# Impute missing values
Copyright (c) Microsoft Corporation. All rights reserved.<br>
Licensed under the MIT License.

DataPrep has the ability to impute missing values in specified columns. In this case, we will attempt to impute the missing _Latitude_ and _Longitude_ values in the input data.

In [2]:
!pip install azureml

Collecting azureml
  Downloading https://files.pythonhosted.org/packages/ab/e8/76cd2cb6784b9039affd2c659eed1b3f46baf2e6b87a10b072a20b5b0113/azureml-0.2.7-py2.py3-none-any.whl
Installing collected packages: azureml
Successfully installed azureml-0.2.7


In [3]:
import azureml.dataprep as dprep

In [4]:
# loading input data
df = dprep.read_csv(r'data\crime0-10.csv')
df = df.keep_columns(['ID', 'Arrest', 'Latitude', 'Longitude'])
df = df.to_number(['Latitude', 'Longitude'])
df.head(10)

Unnamed: 0,ID,Arrest,Latitude,Longitude
0,10140490,False,41.973309,-87.800175
1,10139776,False,42.008124,-87.65955
2,10140270,False,,
3,10139885,False,41.902152,-87.754883
4,10140379,False,41.88561,-87.657009
5,10140868,False,41.679311,-87.644545
6,10139762,False,41.825501,-87.690578
7,10139722,True,41.857828,-87.715029
8,10139774,False,41.9701,-87.669324
9,10139697,False,41.78758,-87.685233


The third record from input data has _Latitude_ and _Longitude_ missing. To impute those missing values, we can use `ImputeMissingValuesBuilder` to learn a fixed program which imputes the columns with either a calculated `MIN`, `MAX` or `MEAN` value or a `CUSTOM` value. When `group_by_columns` is specified, missing values will be imputed by group with `MIN`, `MAX` and `MEAN` calculated per group.
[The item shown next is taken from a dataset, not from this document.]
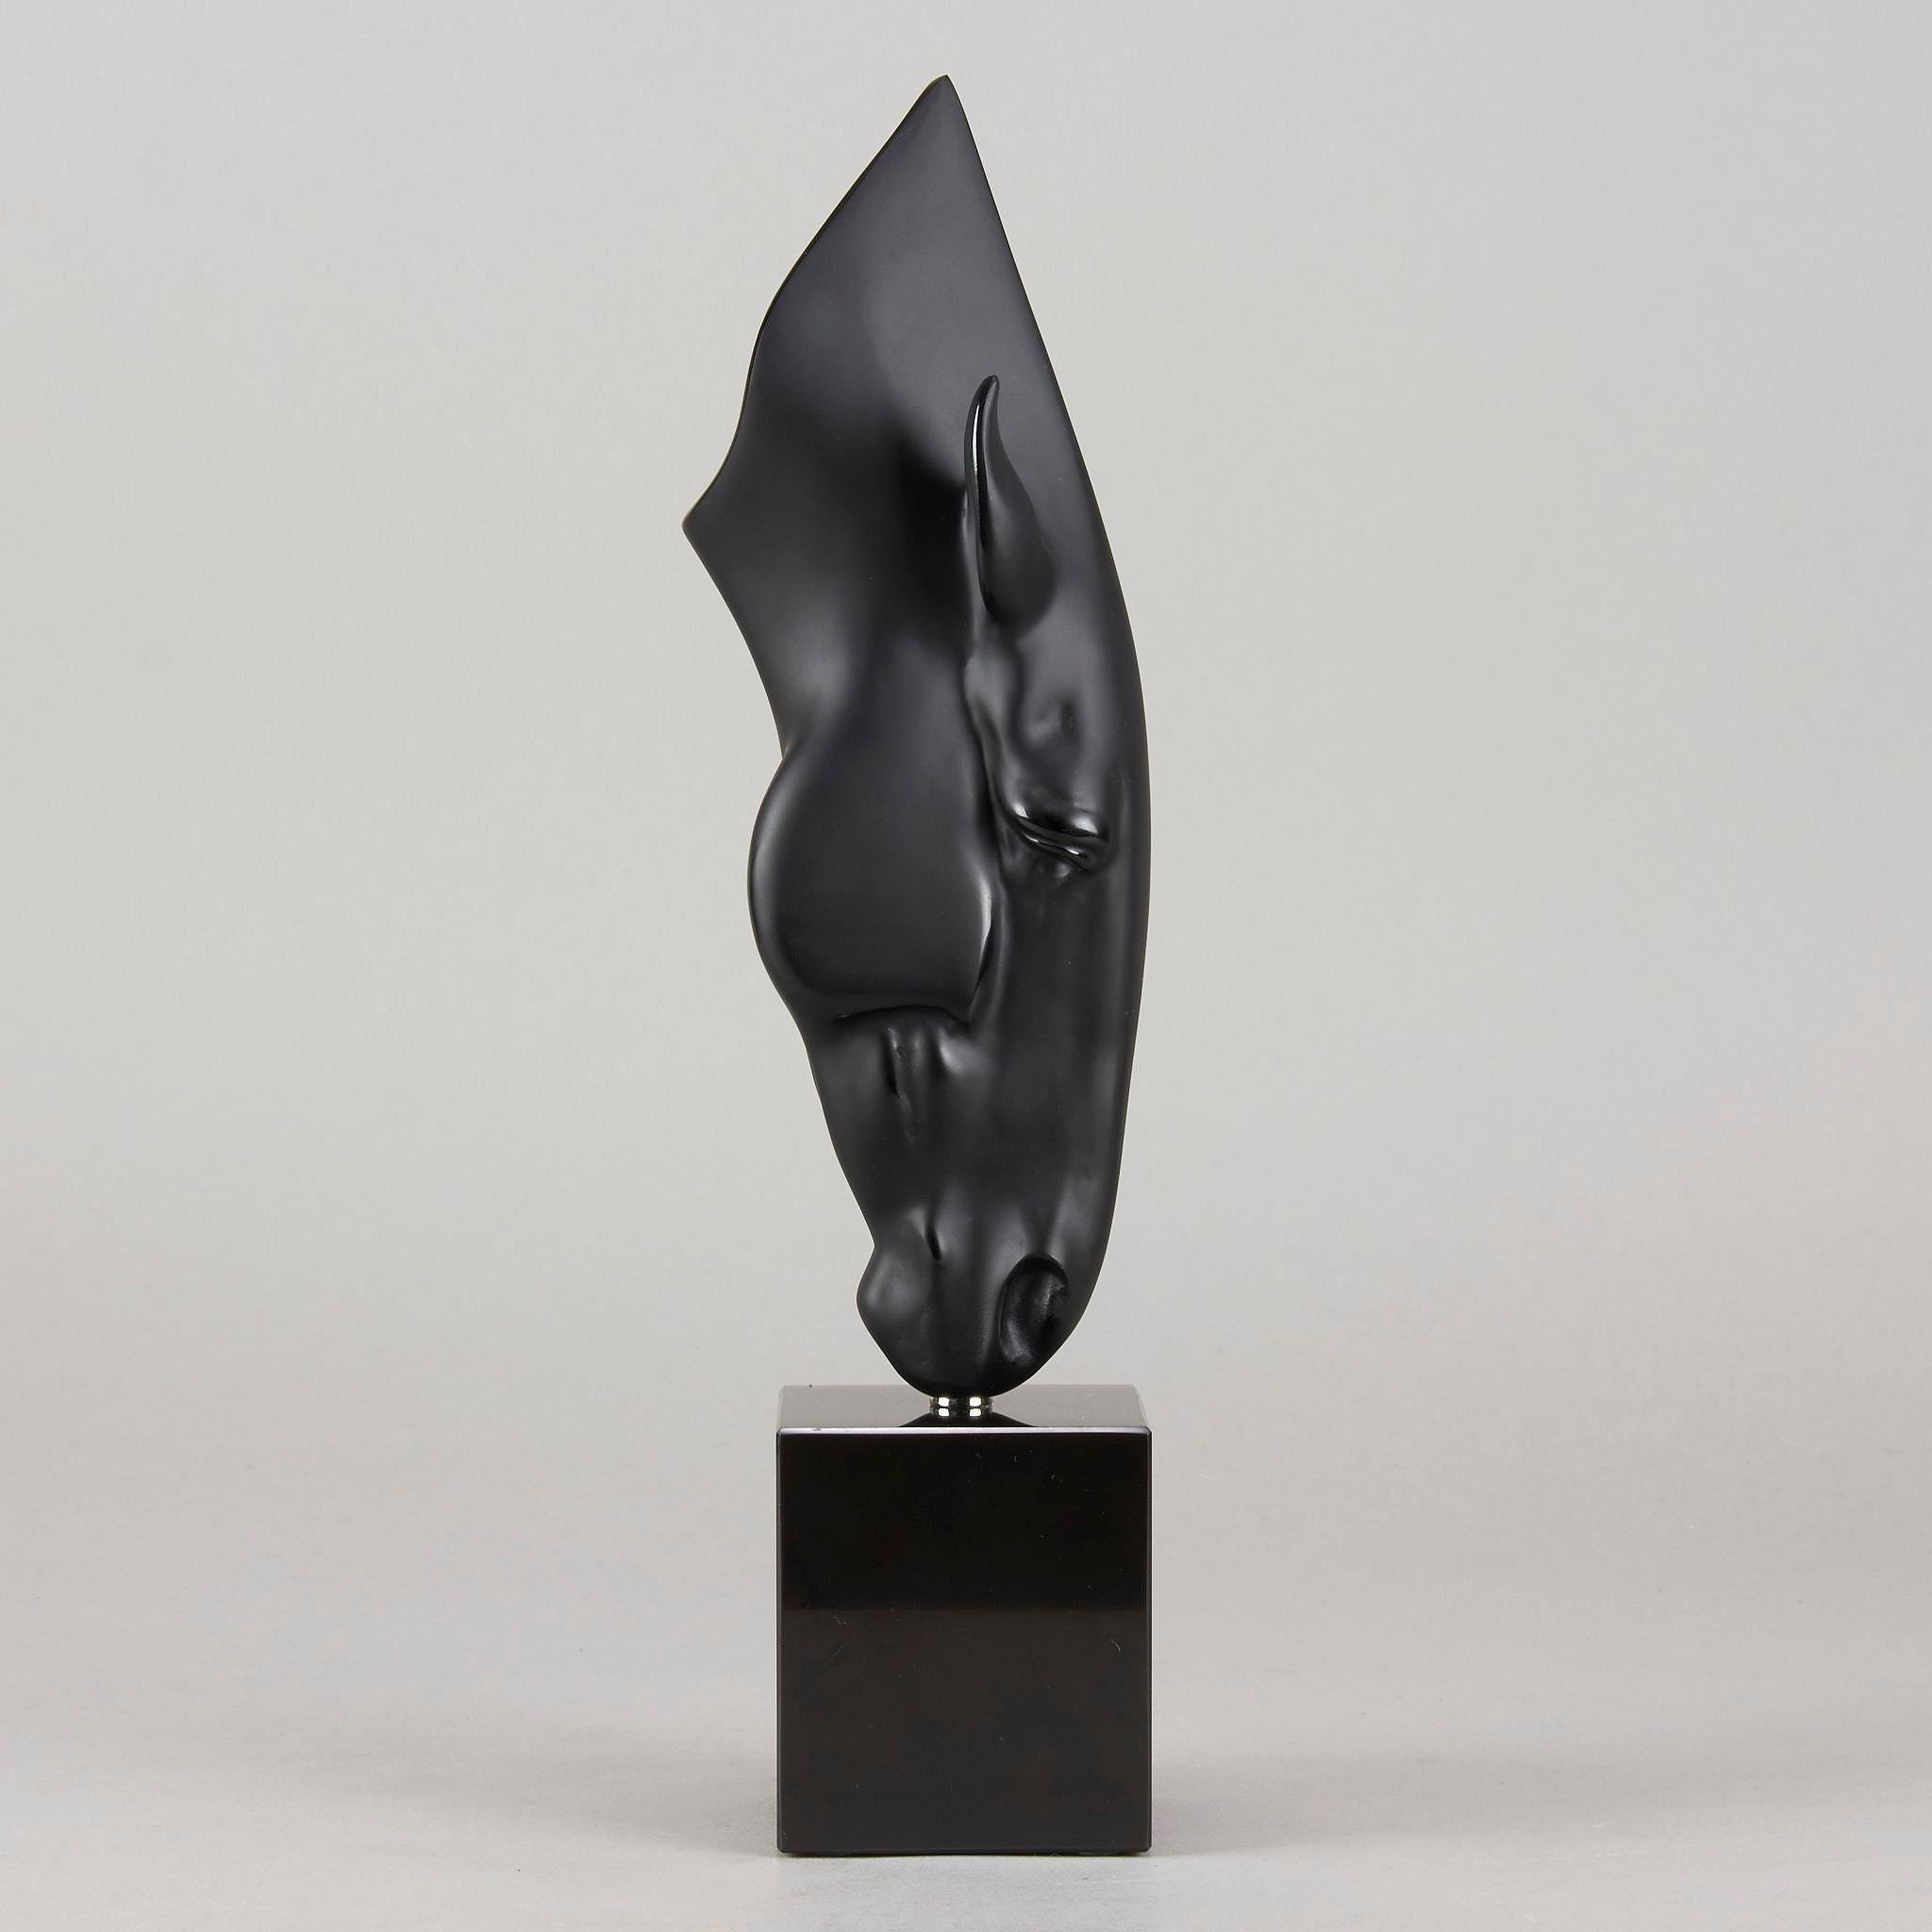 Contemporary Lalique Crystal Glass Sculpture Entitled

Firstly, let us quickly see check the `MEAN` value of _Latitude_ column.

In [5]:
df_mean = df.summarize(group_by_columns=['Arrest'],
                       summary_columns=[dprep.SummaryColumnsValue(column_id='Latitude',
                                                                 summary_column_name='Latitude_MEAN',
                                                                 summary_function=dprep.SummaryFunction.MEAN)])
df_mean = df_mean.filter(dprep.col('Arrest') == 'false')
df_mean.head(1)

Unnamed: 0,Arrest,Latitude_MEAN
0,False,41.878961


The `MEAN` value of _Latitude_ looks good. So we will impute _Latitude_ with it. As for `Longitude`, we will impute it using `42` based on external knowledge.

In [6]:
# impute with MEAN
impute_mean = dprep.ImputeColumnArguments(column_id='Latitude',
                                          impute_function=dprep.ReplaceValueFunction.MEAN)
# impute with custom value 42
impute_custom = dprep.ImputeColumnArguments(column_id='Longitude',
                                            custom_impute_value=42)
# get instance of ImputeMissingValuesBuilder
impute_builder = df.builders.impute_missing_values(impute_columns=[impute_mean, impute_custom],
                                                   group_by_columns=['Arrest'])
# call learn() to learn a fixed program to impute missing values
impute_builder.learn()
# call to_dataflow() to get a dataflow with impute step added
df_imputed = impute_builder.to_dataflow()

In [7]:
# check impute result
df_imputed.head(10)

Unnamed: 0,ID,Arrest,Latitude,Longitude
0,10140490,False,41.973309,-87.800175
1,10139776,False,42.008124,-87.65955
2,10140270,False,41.878961,42.0
3,10139885,False,41.902152,-87.754883
4,10140379,False,41.88561,-87.657009
5,10140868,False,41.679311,-87.644545
6,10139762,False,41.825501,-87.690578
7,10139722,True,41.857828,-87.715029
8,10139774,False,41.9701,-87.669324
9,10139697,False,41.78758,-87.685233


As the result above, the missing _Latitude_ has been imputed with the `MEAN` value of `Arrest=='false'` group, and the missing _Longitude_ has been imputed with `42`.